China is doubling down on proven wind and solar, not fossil fuels.
And, of course, China is also leading in increased fracking within its controlled territories and Alberta’s oil sands do not provide natural gas. One Globe and Mail analyst supportive of the Kinder Morgan acquisition actually wrote that with the decline in coal generation, more oil would be used, missing the different use cases entirely.
Another major change in the Chinese market is in the massive increase in electrification of transportation. The majority of oil is consumed in transportation as gasoline, diesel, and bunker oil, and China is leading the world in shifting to battery electric solutions.
¤ 99% of the 385,000 electric buses in the world are in China.
¤ 579,000 of the just over 1 million electric cars sold in 2017 were sold in China.
¤ China is requiring all vehicle manufacturers to achieve massive increases in the percentage of PHEV and full EV cars sold over the next 12 years with the potential for 100% by 2030.
What this means for the BP and Exxon projections is that transportation will be being powered mostly by wind and solar, not Alberta crude oil, in 2040.
The projected increase in oil demand in China is overstated and there’s no reason to believe that they will be buying expensive-to-refine Canadian product. With each passing year, this will be a more obvious dynamic.
One bank estimates that Canada paid a $1.2 billion premium for the existing pipeline, its $200 million annual revenue, and the work done to date to twin the pipeline.
Kinder Morgan had Canada over a barrel. They had a committed buyer and worked it hard. Finance Minister Morneau was undoubtedly in his idea of heaven working a major deal with his business-heavy team, but none of them are oil and gas people.

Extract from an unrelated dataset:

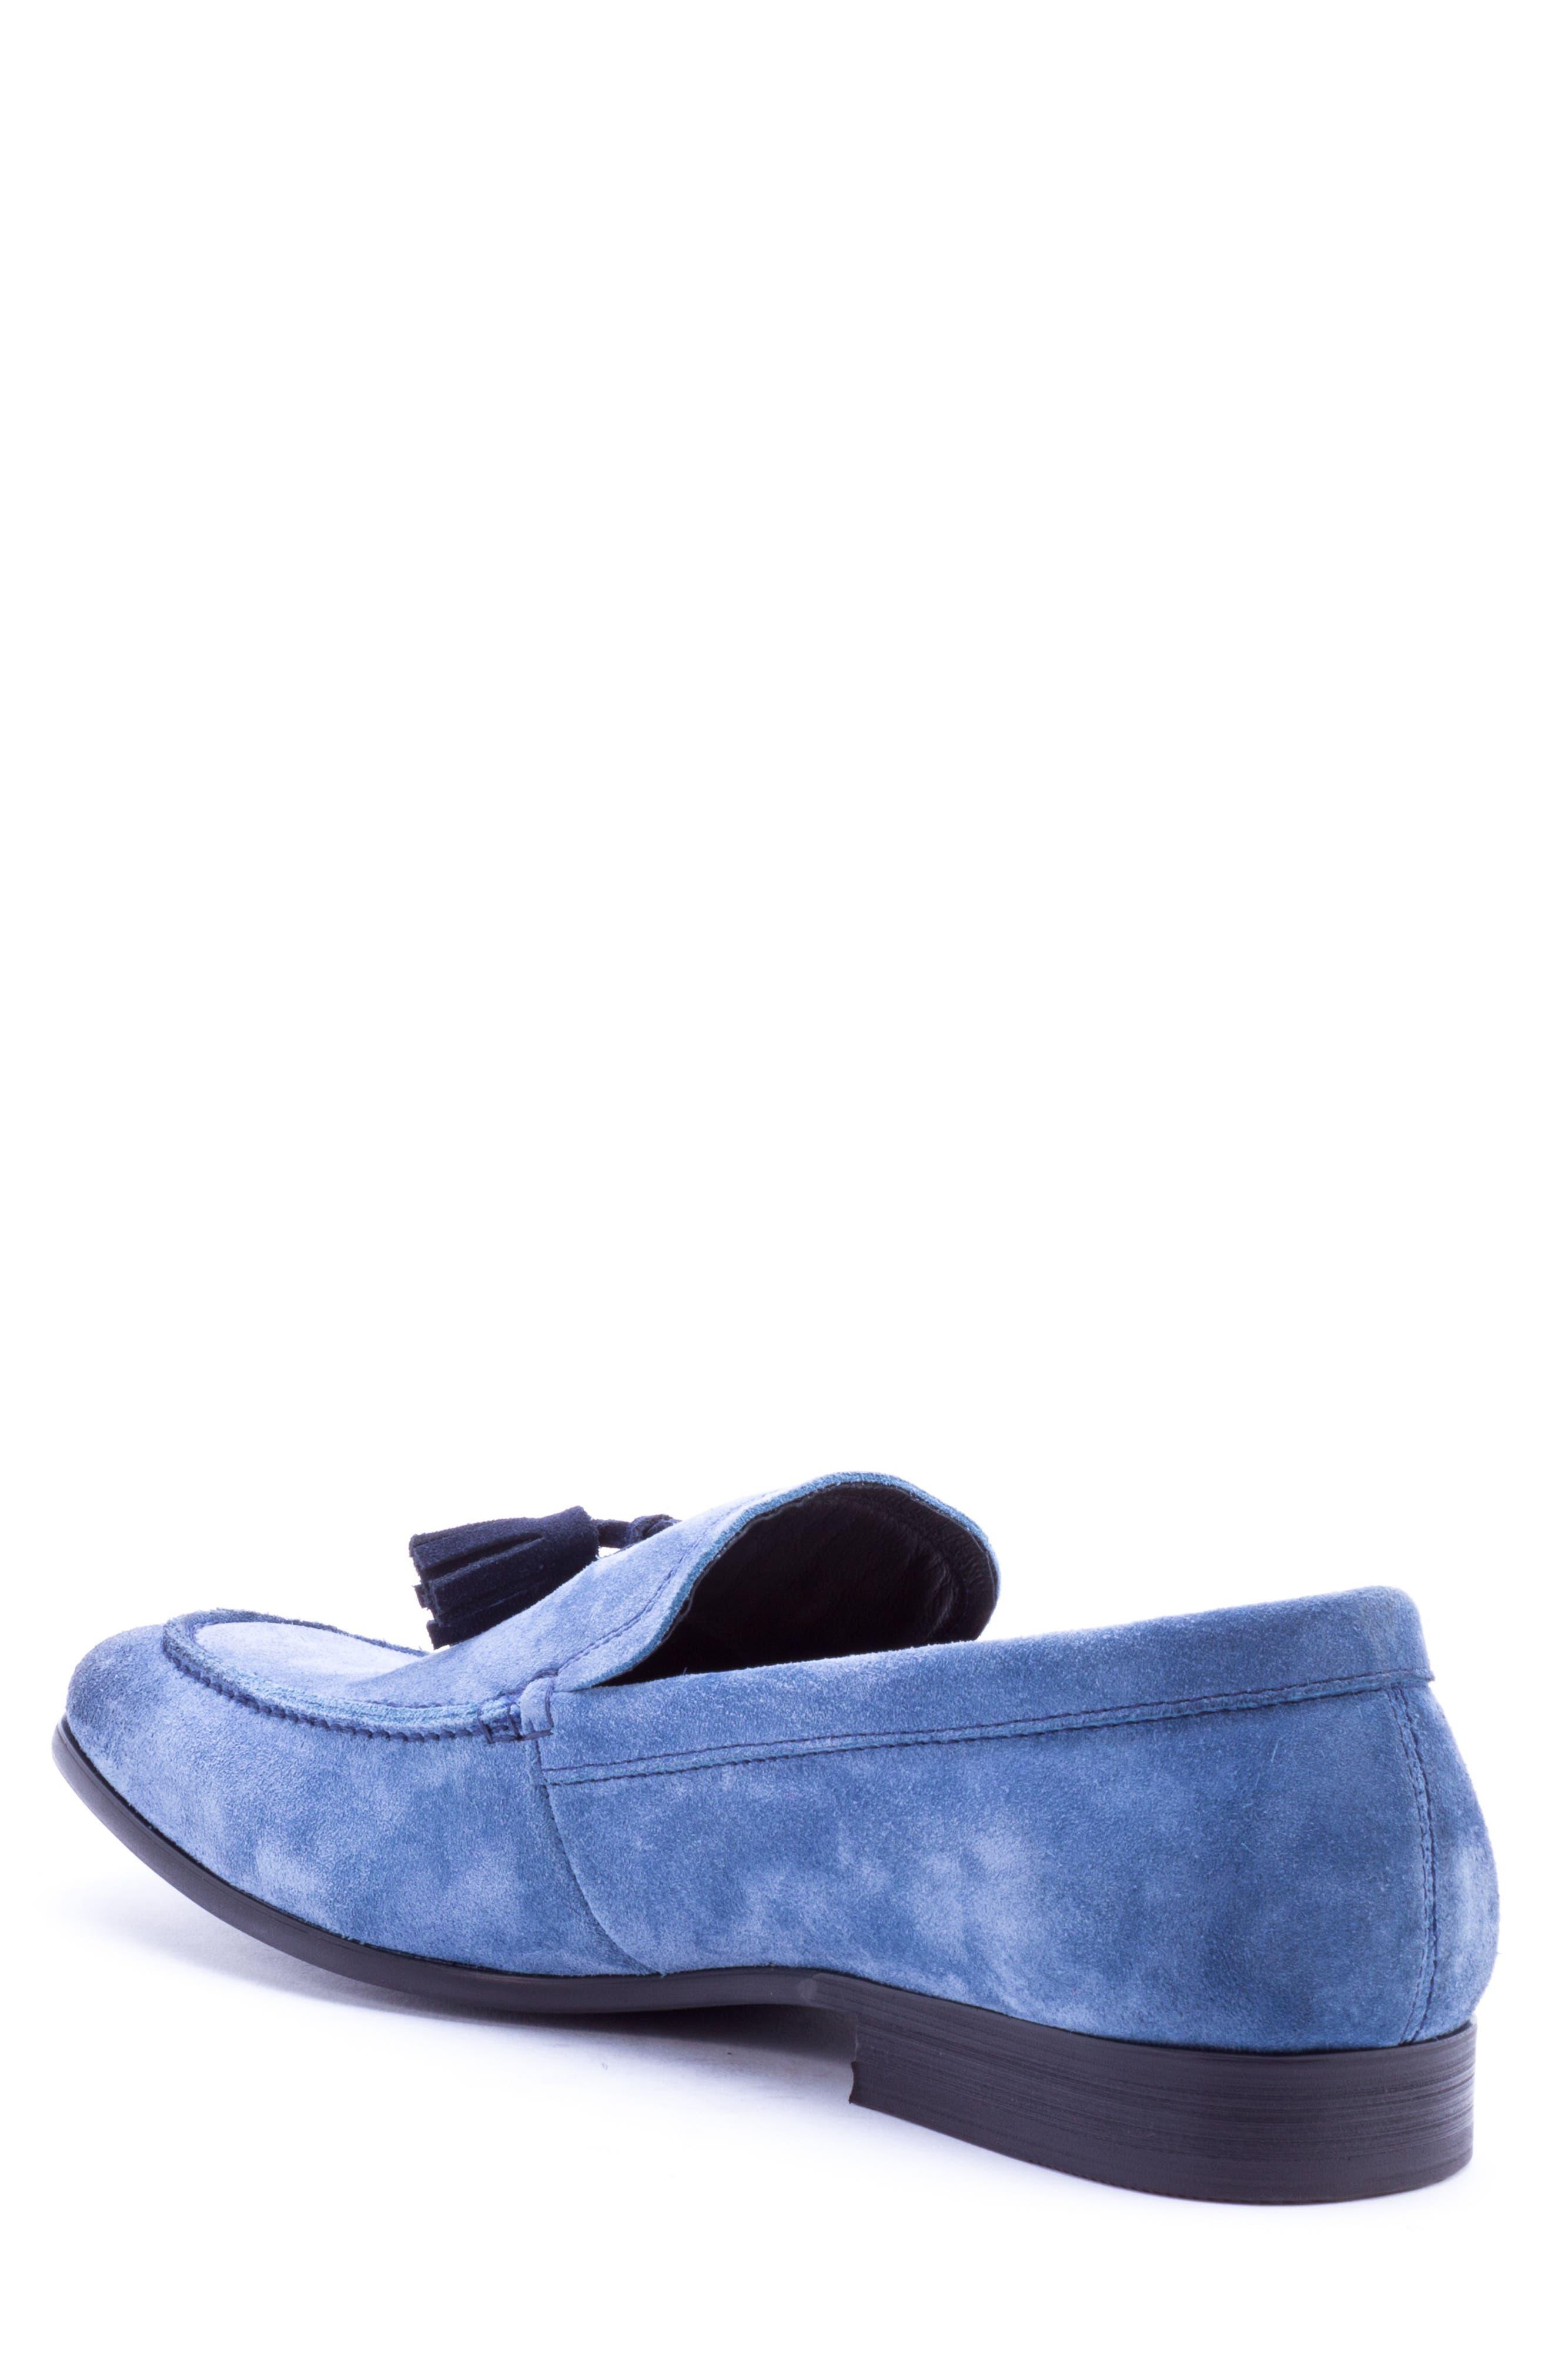 Severn Tassel Venetian Loafer,                             Alternate thumbnail 2, color,                             Blue Suede

And the costs are just starting. There is a projected $7.4 billion cost to complete the pipeline, but that’s likely optimistic given that it’s both a mega-project and faces legal and political challenges along most of its route.
Canada is deferring the idea of making money on this deal, and should. Given more realistic demand projections not done by fossil fuel majors, it’s unlikely that there will be too many takers.
No corporate buyer is likely to be buying this asset until all of the hurdles are cleared and the pipeline is working. That’s projected to be 2021 at earliest and more likely later. The demand trends will be more and more obvious by then with conservative analysts such as IEA and the like updating their projections annually with worse news for Alberta’s product. Similarly, the long-term price of oil will be more clearly seen to be in decline, not increasing.
Alberta hates the federal Liberals, outside of the downtowns of Edmonton and Calgary, where only very large numbers of people hate them. The Trudeau name is awful in Alberta. This won’t really help most of those voters change their mind even if it works. They’ll find reasons to hate Trudeau and the Liberals. A major breakthrough in the last federal election saw 4 Liberal Members of Parliament of 34 seats elected in Alberta.
BC votes Liberal federally much more. In the last election, 18 of 42 seats went to BC. There’s more support and more seats to both win and lose.
Alberta loves the Kinder Morgan pipeline, although there are certainly a few people who realize it’s a kind of dumb idea as per the demand analysis above. BC has a very large percentage of people who hate the pipeline and the current government is a minority NDP government propped up by the very anti-pipeline Green Party. There is little political or social license to ship more of Alberta’s product through Vancouver’s port.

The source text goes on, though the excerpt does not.